CHGA correlations (nonparametric, Spearman rank) with human endothelial and renal traitsa
| CHGA (nM) | EDN1 (pg/ml) | GFR (ml/min per1.73 m2) | |
|---|---|---|---|
| CHGA (nM) | |||
| Correlation coefficient | 1.0 | 0.212 | −0.201 |
| Significance (two-tailed) | − | <0.001 | <0.001 |
| N | 714 | 707 | 696 |
| EDN1 (pg/ml) | |||
| Correlation coefficient | 1.0 | −0.054 | |
| Significance (two-tailed) | − | 0.150 | |
| N | 754 | 700 | |
| GFR (ml/min per 1.73 m2) | |||
| Correlation coefficient | 1.0 | ||
| Significance (two-tailed) | − | ||
| N | 706 |
Subjects were twins and siblings. Each individual had normal renal function (plasma creatinine ≤1.5 mg/dl).
When individuals were stratified into quantiles above and below the median plasma CHGA concentration (±3.4 nM CHGA; Online Figure 1 and Table 2), both plasma EDN1 concentration and GFR aggregated with CHGA group: The higher CHGA group (n = 341) displayed higher EDN1 (by approximately 0.2 pg/ml, P = 0.021) and lower GFR (by approximately 9 ml/min per 1.73 m2, P = 3.44 × 10−5).
We then investigated whether the common genetic variation across the CHGA locus influences the GFR trait. As previously reported, 12 there were three blocks of linkage disequilibrium across the locus (Online Figure 2), with the most 5′ block encompassing the promoter.
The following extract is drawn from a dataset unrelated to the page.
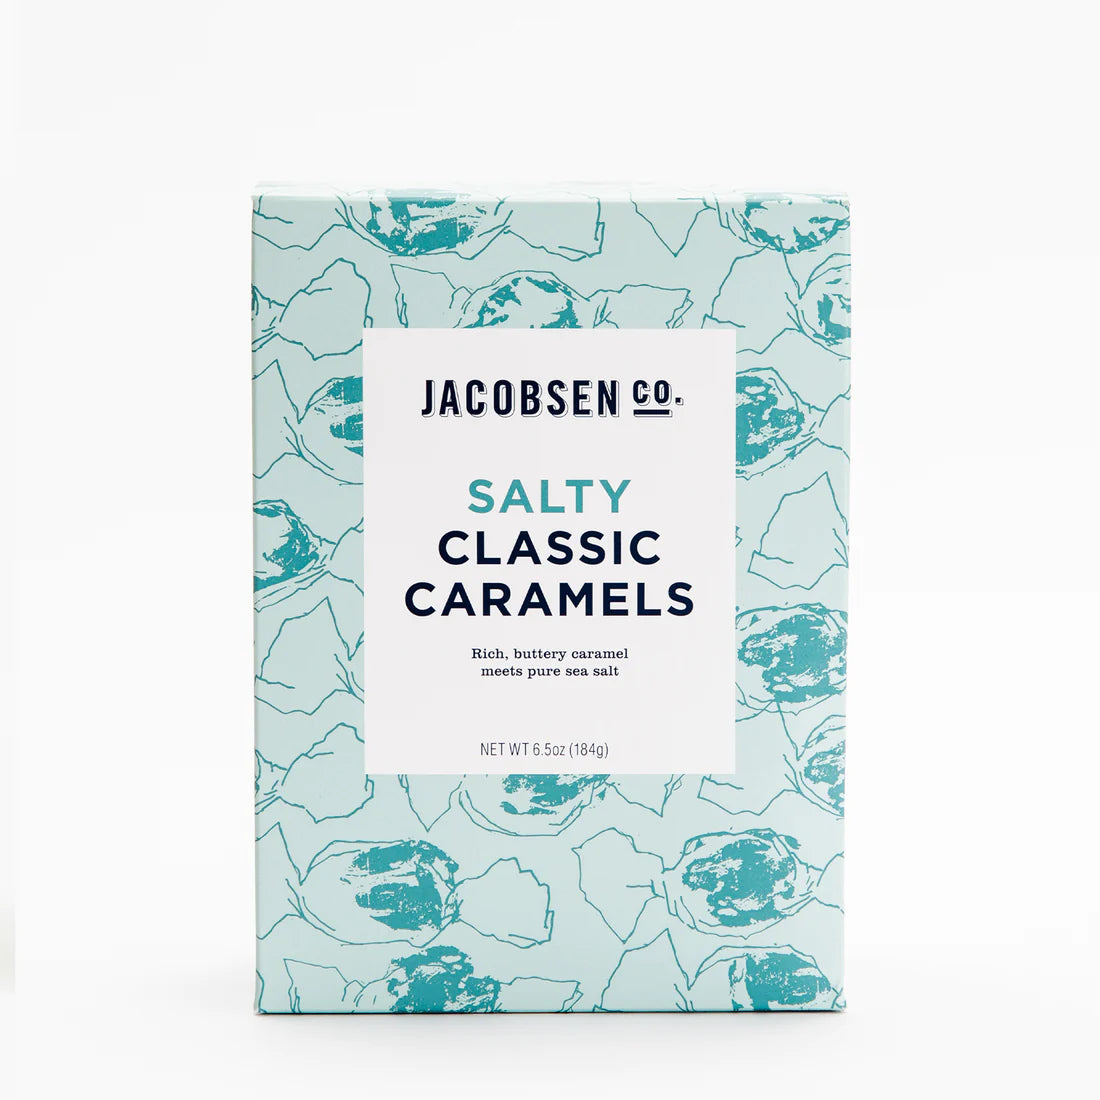 Packaging of Jacobsen Salt Co. Salty Classic Caramels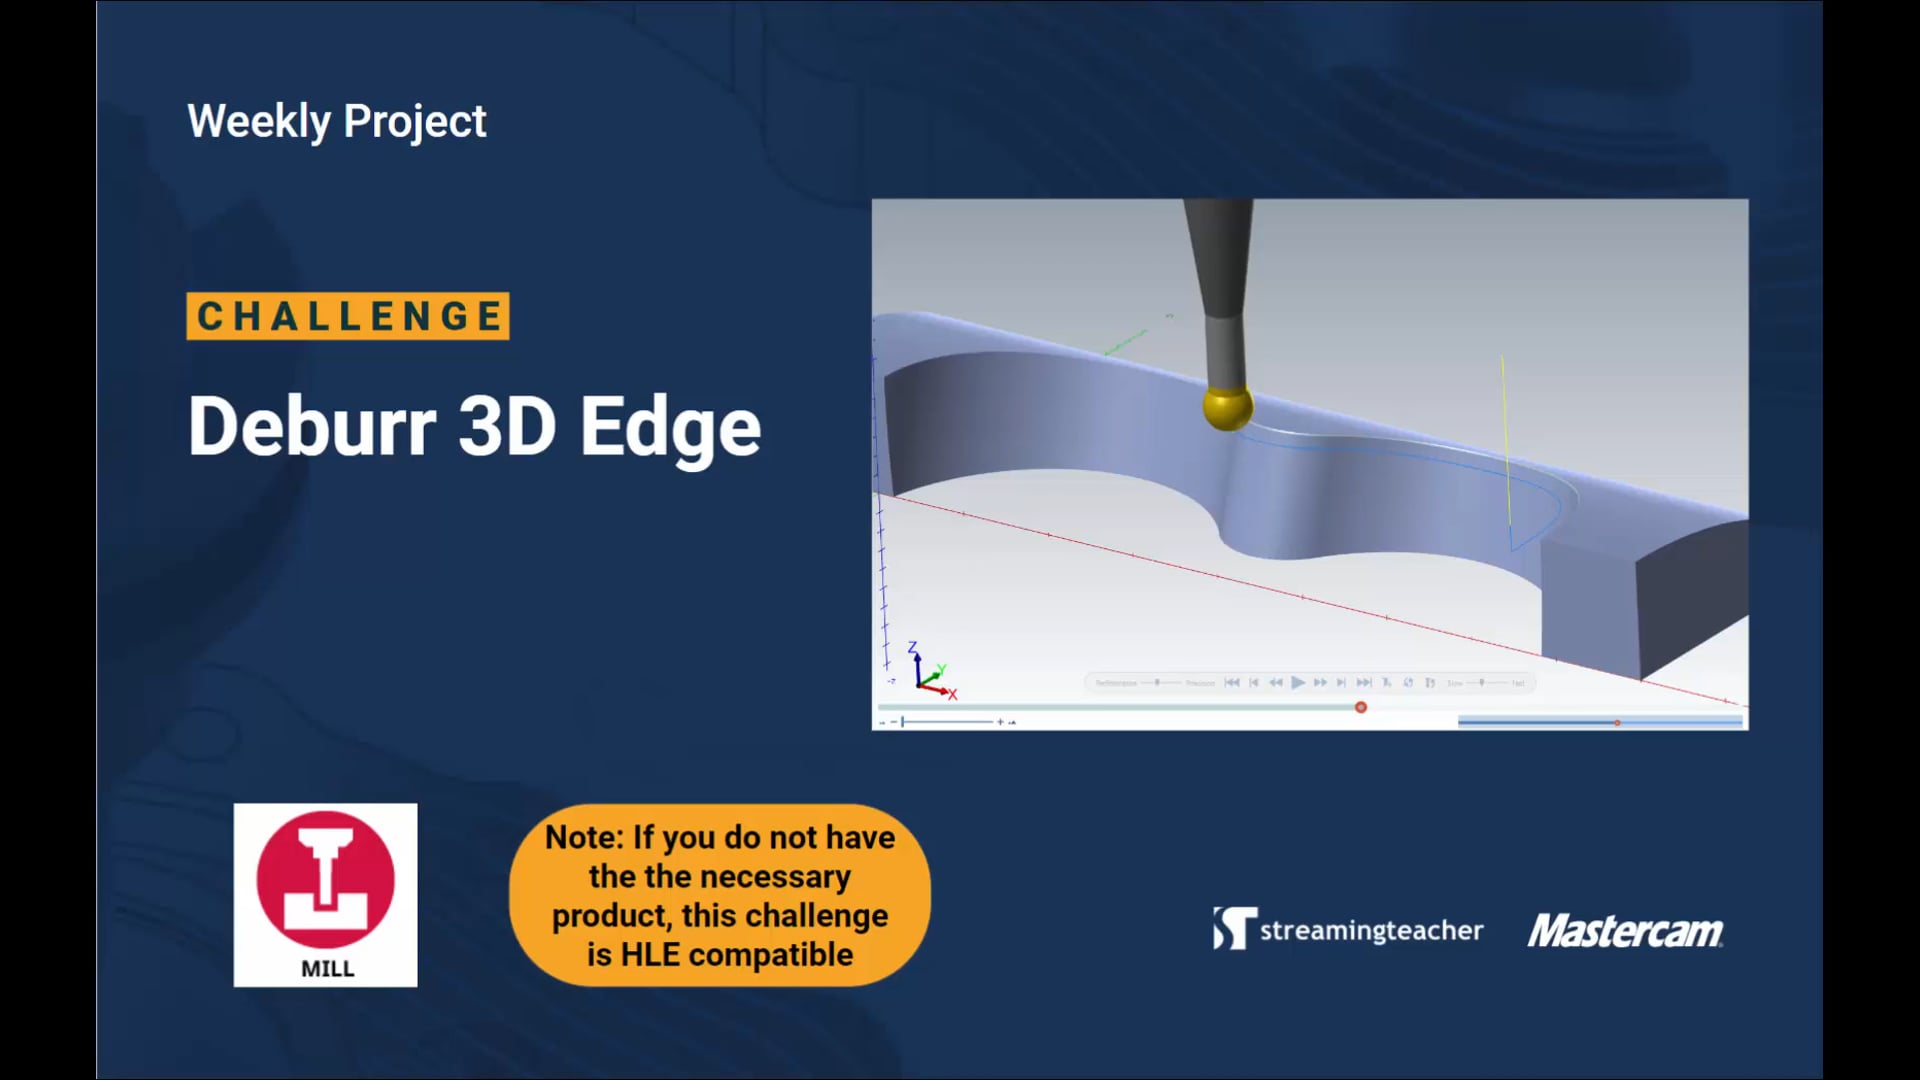 Deburr 3D Edge

Eight common single nucleotide polymorphism (SNP) variants in the CHGA proximal promoter (within block 1) formed haplotypes that influenced GFR in white twins and siblings: Copy number of promoter haplotype-2 (GATTGTCC; P = 0.048) and haplotype-3 (GACGATAC; P = 0.036) influenced GFR (Figure 7A), with haplotype-3 dose-dependently associated with lower GFR. Thus, quantitative change in CHGA, driven by promoter variation, seems to underlie changes in GFR and endothelin.6 Might such variation also change processing of CHGA to its bioactive peptide? We13 and Stridsberg et al.14 have observed a reciprocal relationship between the circulating concentrations of CHGA and its fragments, likely reflecting processing of the prohormone to its active fragments in plasma.
Figure 7.
CHGA and GFR in vivo. (A) CHGA promoter common haplotypes: Effects on GFR in twin and sibling pairs. Haplotypes were inferred from eight common SNPs spanning the proximal promoter (see inset). Individuals included in this marker-on-trait analysis are of European ancestry. GFR was estimated by the Modification of Diet in Renal Disease algorithm and presented as mean ± SEM. Statistical significance was tested by generalized estimating equation. (B) Plasma CHGA in renal disease and healthy individuals. Left: Plasma CHGA in ESRD (GFR <10 ml/min), CKD (GFR 28 ± 3 ml/min), and healthy individuals (twins and siblings; GFR 101 ± 1 ml/min). Plasma CHGA rises exponentially as GFR declines. Right: Plasma CHGA distribution (frequency histogram) in healthy individuals (twins and siblings; plasma creatinine ≤1.5 mg/dl). To accommodate outliers, values were Log10-transformed. Plasma CHGA was present at ≥10 nM (a dose which can trigger Weibel–Palade body exocytosis) even in approximately 2% of subjects with normal renal function. (C) CHGA 3′ genetic variation: Effects on GFR decline in black hypertensive renal disease (NIDDK AASK). The dependent variable is chronic decline in GFR (i.e., GFR slope, in ml/min per 1.73 m2), measured by serial [125I]-iothalamate clearance, beginning 3 mo after initiation of the trial. All subjects are plotted, including those with both minimal proteinuria (≤0.22 g/g) and detectable proteinuria (>0.22 g/g).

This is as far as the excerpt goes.